Building Boxes & When Orders Go Wrong

It must be spring, because at this time of year hope springs eternal

Bee Boxes To The Ceiling

Bee Boxes To The Ceiling

in a beekeeper’s heart.  The bees will make it though the spring and emerge into summer ready to be split into to more hives. I hope to add at least 30 new hives to the apiary this year (40 is my goal, but we’ll see what happens).  This means I need more boxes, frames, bottom screens, tops, and collars.

Just prior to last year’s harvest, I had every piece of constructed woodenware I own working on the hives.  Time to build the last 30 boxes and 300 frames I had in storage, and place a new order.

The living room turned into a tower of boxes and frames as the staple gun pounded away to the beat of Johnny Winters and Cachao.  I do like a fast beat when doing this.  It keeps the pace up.  Next round I should do something constructive like listen to my Spanish language tapes.

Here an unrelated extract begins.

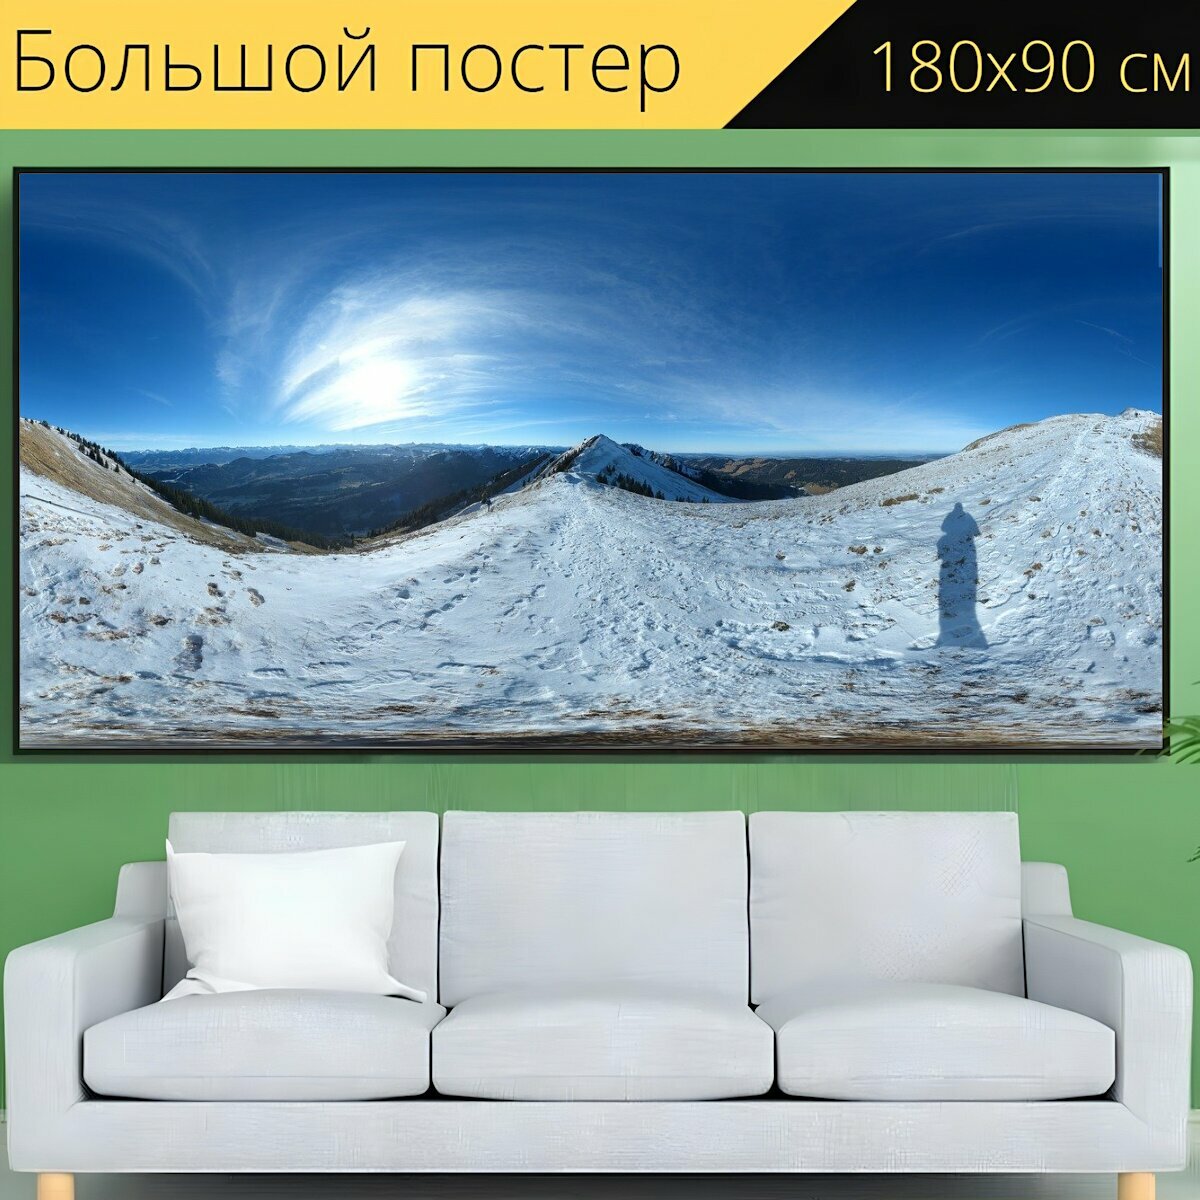 Большой постер "Зима, панорама, горы" 180 x 90 см. для интерьера

William Kitten checks out the bee box assembly line

one of our quality control experts

Brookfield Farm Living Room As Frame Assembly Location

Small Room Lots of Frames

I had just gotten the last frames assembled when the freight company pulled up to drop off the 180 boxes, new frames, and wax.  Needless to say, the weather imps decided that this was the moment to open the sky to a downpour that would last well into the evening.  There are no images of this, as I simply wanted to get the woodenware off the pallets and out of the rain as soon as I could.

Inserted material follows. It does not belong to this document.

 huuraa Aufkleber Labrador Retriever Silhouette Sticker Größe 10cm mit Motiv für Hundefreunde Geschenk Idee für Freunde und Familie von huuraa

As we all know, haste has its downside.  As I pulled the wrapping off the pallets, I looked at the new boxes and muttered “not the best ‘commercial’ boxes I’ve seen.”  I had gone with a new company, Mann Lake, because they had an excellent shipping deal.  Bad idea.  I had ordered over $1,500 of commercial boxes. What I had was 180 “budget” boxes, with knots in all the sides.

In many places “budget” boxes work fine.  Not in my area.  It is wet here: it starts raining in November and does not stop until the end of February.  Knots in wood crack here, no matter what you do to them.  Neither three layers of paint nor dipping them in wax will stop the cracks.

Sadly, I’m stuck.  Mann Lake said: wrap them up and send them back.  Humm, that’s 2 pallets of 720 pieces of wood.  Then one needs to get the huge tube of shrink-wrap to wrap them.  So about 2 days of work to return something, at a time that I’m already swamped with work.  We finally agreed that Mann Lake would credit me back some of my purchase price.

The lesson learned?  When placing a phone order I’ll be getting the sales person to email me a written confirmation.  She didn’t seem to want to, bet she will in the future.

Now I’m off to assemble these boxes and frames – where did I put that CD of The Texas Tornadoes?

That’s the news from Brookfield Farm Bees and Honey, in Maple Falls, Washington.